Axone is a 2019 Indian comedy-drama film directed by Nicholas Kharkongor and produced by Yoodlee Films, Saregama India's film division. The film stars Sayani Gupta, Vinay Pathak, Lin Laishram, Dolly Ahluwalia, Adil Hussain, Lanuakum Ao, Tenzin Dalha, and Rohan Joshi. The film follows Northeast Indian migrants in New Delhi, in their attempt to organize a wedding party. The film premiered at the London Film Festival on 2 October 2019.

Plot
The story tells of a group of migrants from Northeast India to Delhi, Upasana, Chanbi, and Zorem, who are trying to help their friend Minam with her wedding preparations. Minam, who shares a flat with Upasana, Chanbi, and others from their region, is called away suddenly for an interview. Meanwhile, her friends try to find an ingredient to make 'Axone,' a special dish that they want for the wedding. The friends face various difficulties as they attempt to plan the wedding and prepare Axone. The other tenants object and the landlord's mother-in-law enforces her rule against parties or spicy cooking in the flat. They decide to hold the wedding at Chanbi's boyfriend Bendang's flat, but finding a way to cook Axone without drawing the attention of locals brings comical problems.

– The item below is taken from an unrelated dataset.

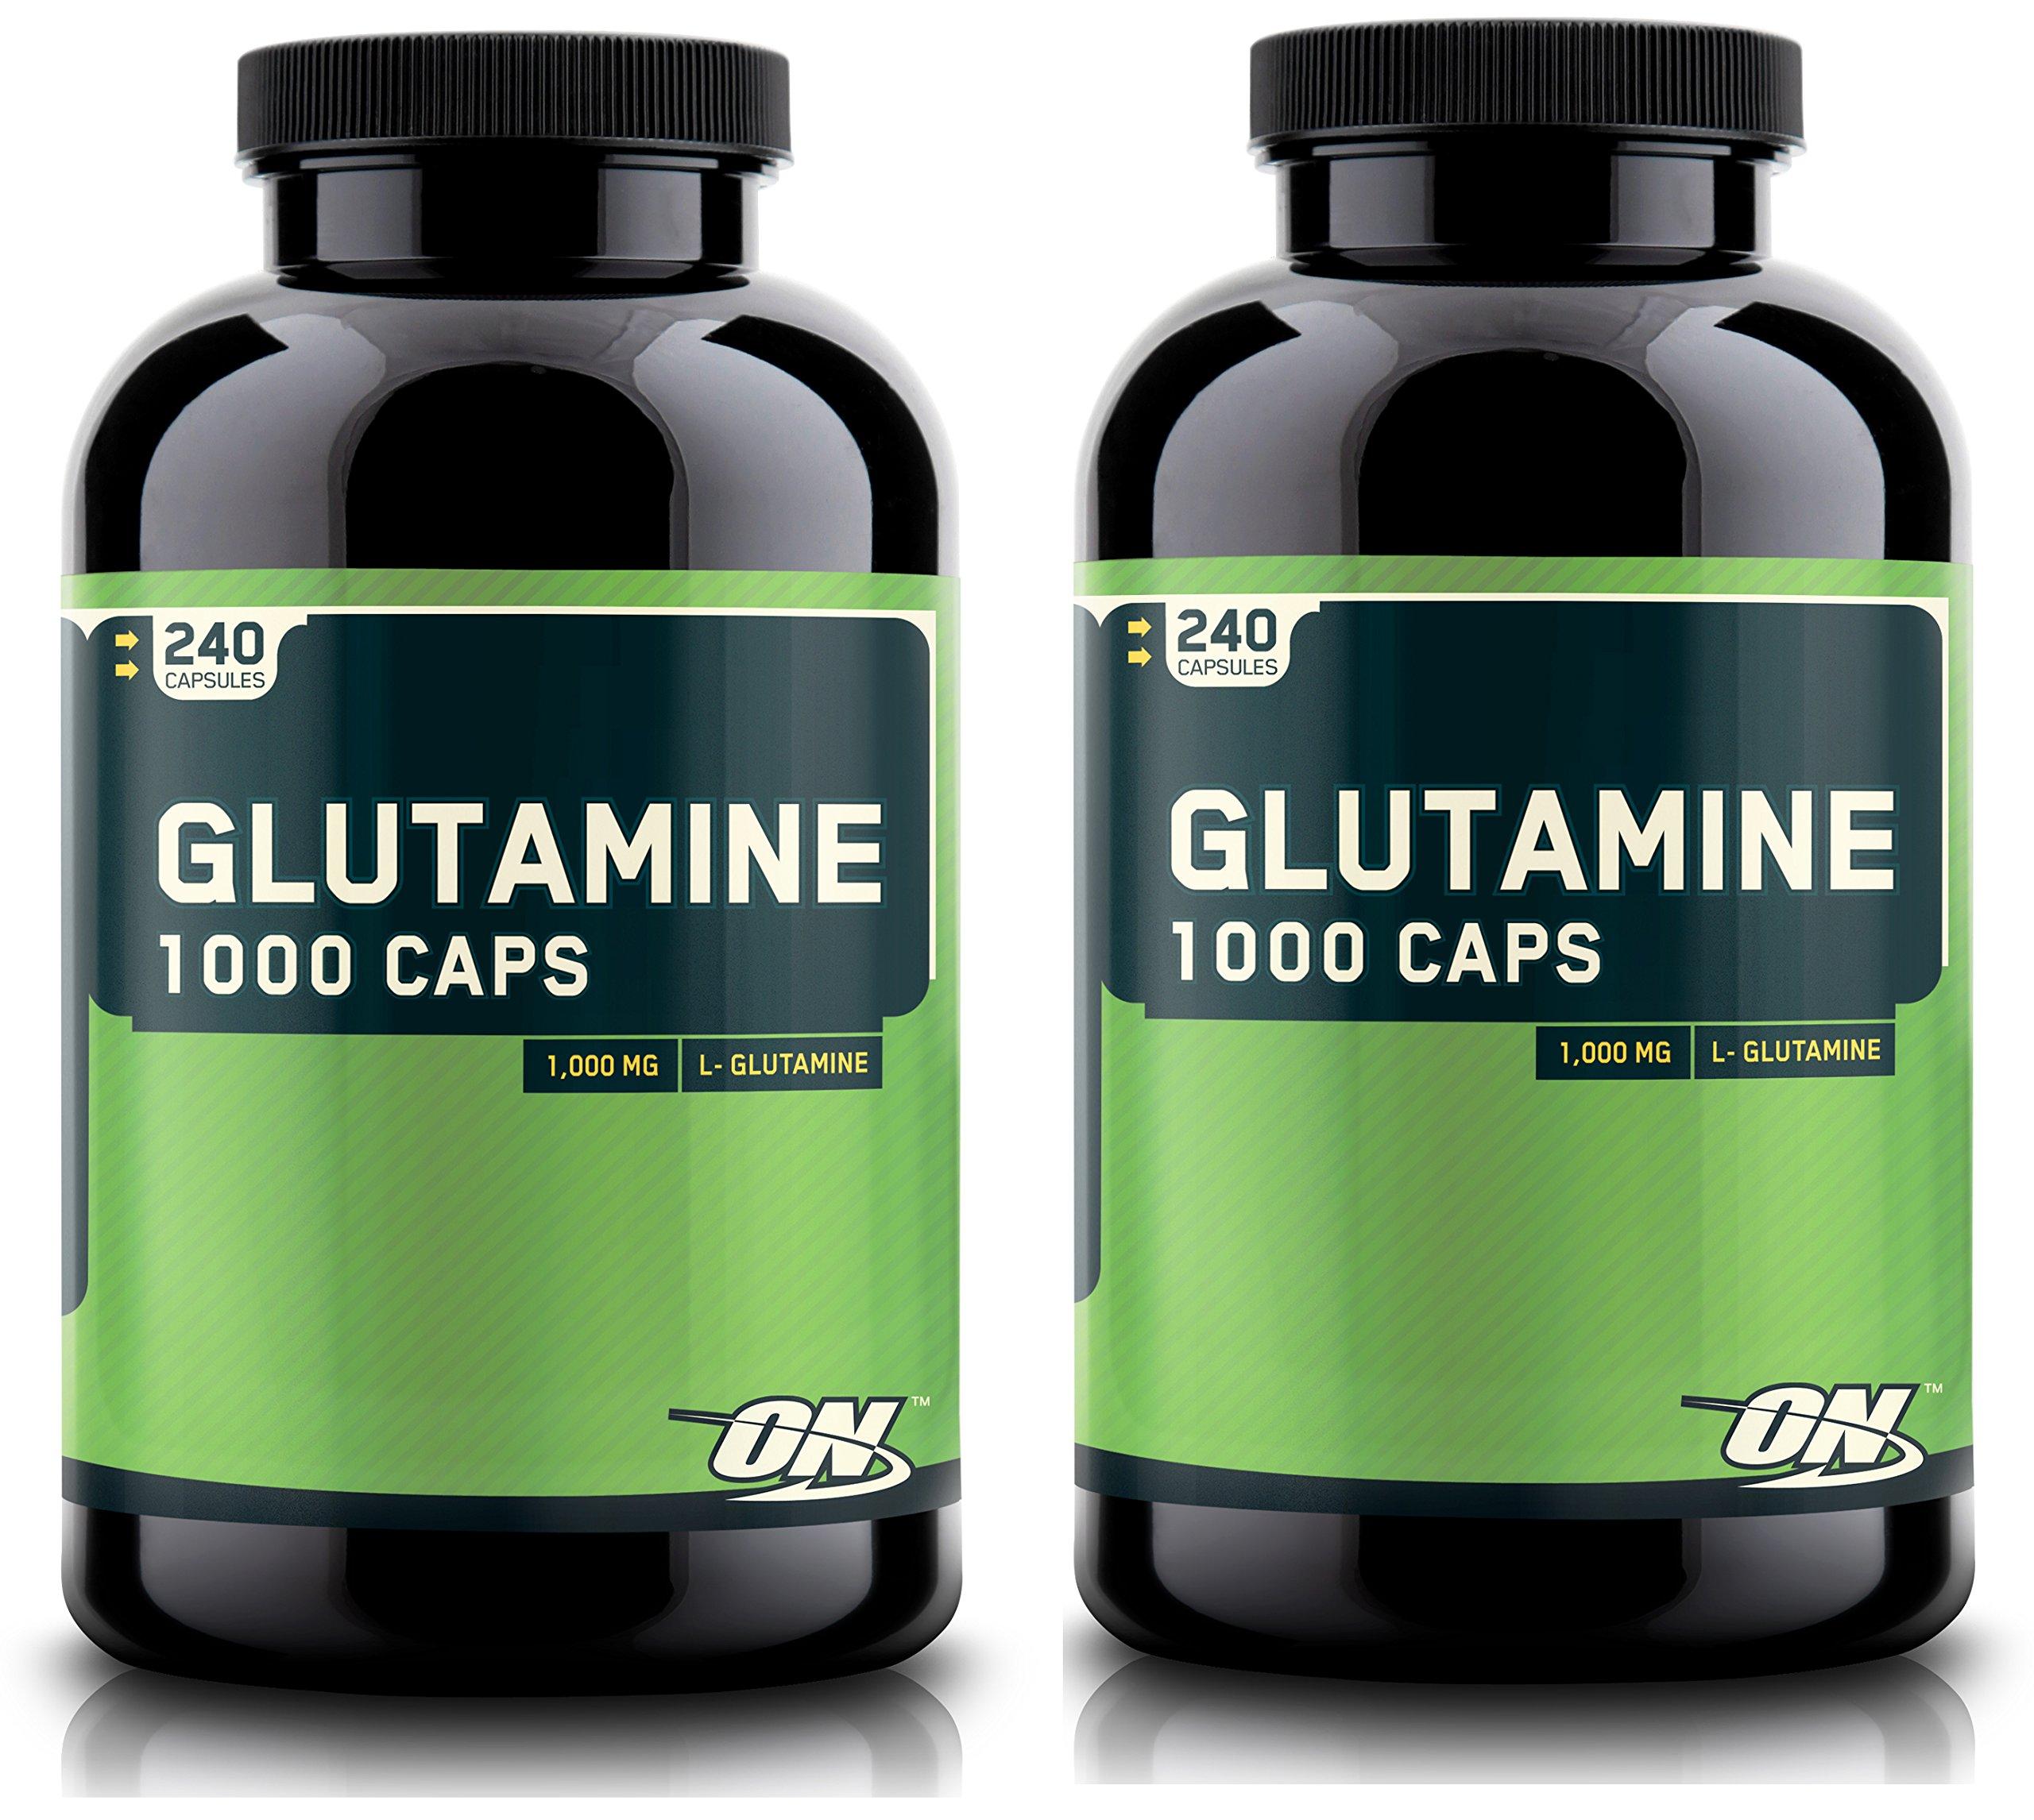 Optimum Nutrition 480 Glutamine Capsules Pure L-Glutamine Recovery Caps, 1000MG

Shiv, the landlord's son, and a friend of Zorem, lends his hand. His girlfriend breaks up with him when she sees him with Upasana, and later with Chanbi. As the wedding hour nears, the friends are discouraged at the thought of failing Minam (who has not yet returned). Zorem finally resolves to cook Axone on Upasana's landlord's terrace, and receives the landlord's permission in spite of his mother-in-law. The friends manage to prepare the Axone just in time for the wedding.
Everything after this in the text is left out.